SQL Snowflake: Value does not show up in SELECT * search but does show up when included in WHERE Clause


Hello and thank you in advance!

I have a SQL query that returns a list of customers for a course ID where the status is 'active'. I noticed the total count was incorrect and that there were a few missing customers who do not show up in the result list. When I include those customers in the WHERE clause, they do show up. If they satisfy all other WHERE filters, shouldn't they show up without being directly referenced?

Query where the specific customer does NOT show up in the result list

 SELECT * FROM COURSES_ACTIVE
 WHERE COURSE_ID = '123aaaBBB'
 AND COURSE_STATUS = 'Active'; 

Query where the specific customer DOES show up in the result list

 SELECT * FROM COURSES_ACTIVE
 WHERE COURSE_ID = '123aaaBBB'
 AND COURSE_STATUS = 'Active'
 AND CUSTOMER_ID = '555cccDDD'; 

Things I have tried

Originally I thought maybe it was something to do with the fact that IDs needed to be case sensitive and maybe in a previous SELECT statement things were getting combined incorrectly with GROUP BY. I made sure all IDs were COLLATE("CUSTOMER_ID ", 'binary'). I have confirmed in all previous queries the CUSTOMER_IDs do show up without including them in the WHERE clause.

I have gotten the correct CUSTOMER_IDs to show up when I stick a "::VARCHAR" after the SELECT CUSTOMER_ID::VARCHAR, but as that is not case sensitive, I am worried I again won't have all IDs.

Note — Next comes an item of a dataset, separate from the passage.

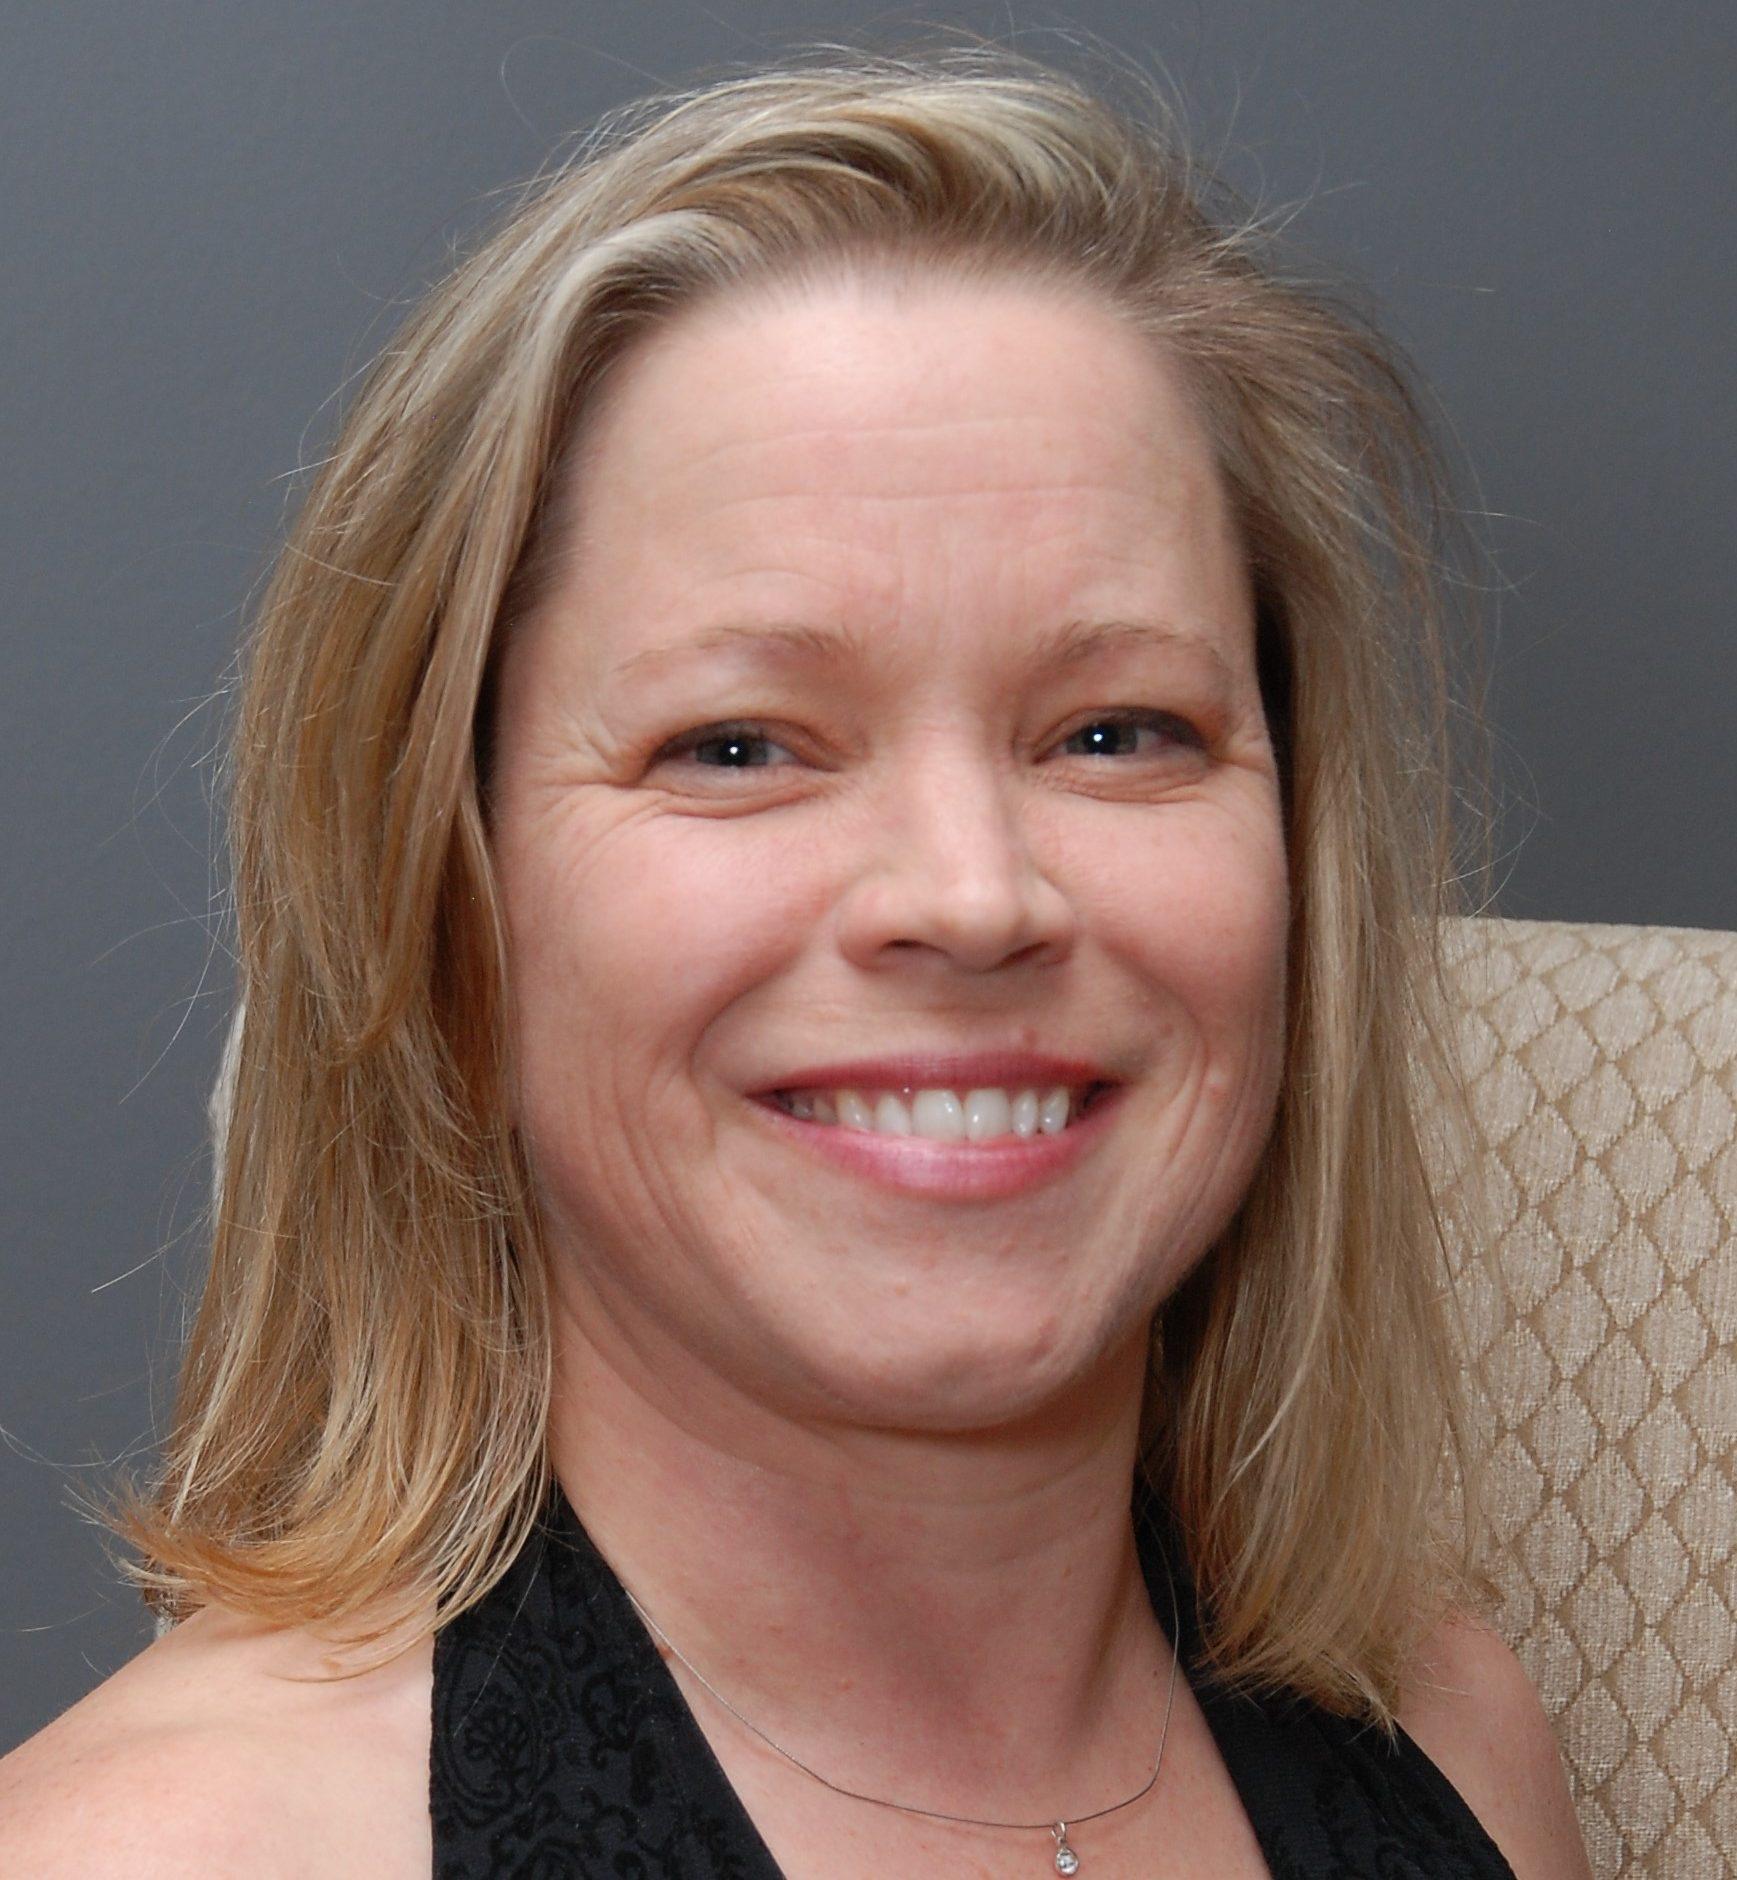 Sonia Leblanc

If I stick "::BINARY" at the end of the SELECT CUSTOMER_ID::BINAY, I get the error "The following string is not a legal hex-encoded value: '888ooo000'" <--this fills with a random CUSTOMER_ID

Full code

WITH COURSES_ALL AS (SELECT CUSTOMER_ID,
                            COURSE_ID,
                            MAX(COURSE_EXPIRATION_DATE) CURRENT_EXPIRATION_DATE
                     FROM DATABASE
                     GROUP BY CUSTOMER_ID,
                              COURSE_ID

  -- Course get new row entries so I use MAX to make sure I am only working with the most recent entry.  
  -- I have confirmed that if I run my query here, all CUSTOMER_IDs show up.

COURSES_ACTIVE AS (SELECT CUSTOMER_ID,
                          COURSE_ID,
                          CURRENT_EXPIRATION_DATE,
                          CASE
                              WHEN CURRENT_EXPIRATION_DATE < '2024-01-31' THEN 'Inactive'
                              WHEN CURRENT_EXPIRATION_DATE >= '2024-01-31' THEN 'Active'
                          END  COURSE_STATUS,
                          FROM COURSES_ALL)

 SELECT * FROM COURSES_ACTIVE
 WHERE COURSE_ID = '123aaaBBB'
 AND COURSE_STATUS = 'Active';
 --   AND CUSTOMER_ID = '555cccDDD'; //adding this line back in results in the customer showing up in the results

Solution

  • For anyone who finds this in the future, turns out our source data was corrupted with incorrect data types. Once our admin reset and refreshed all IDs, they now work as expected.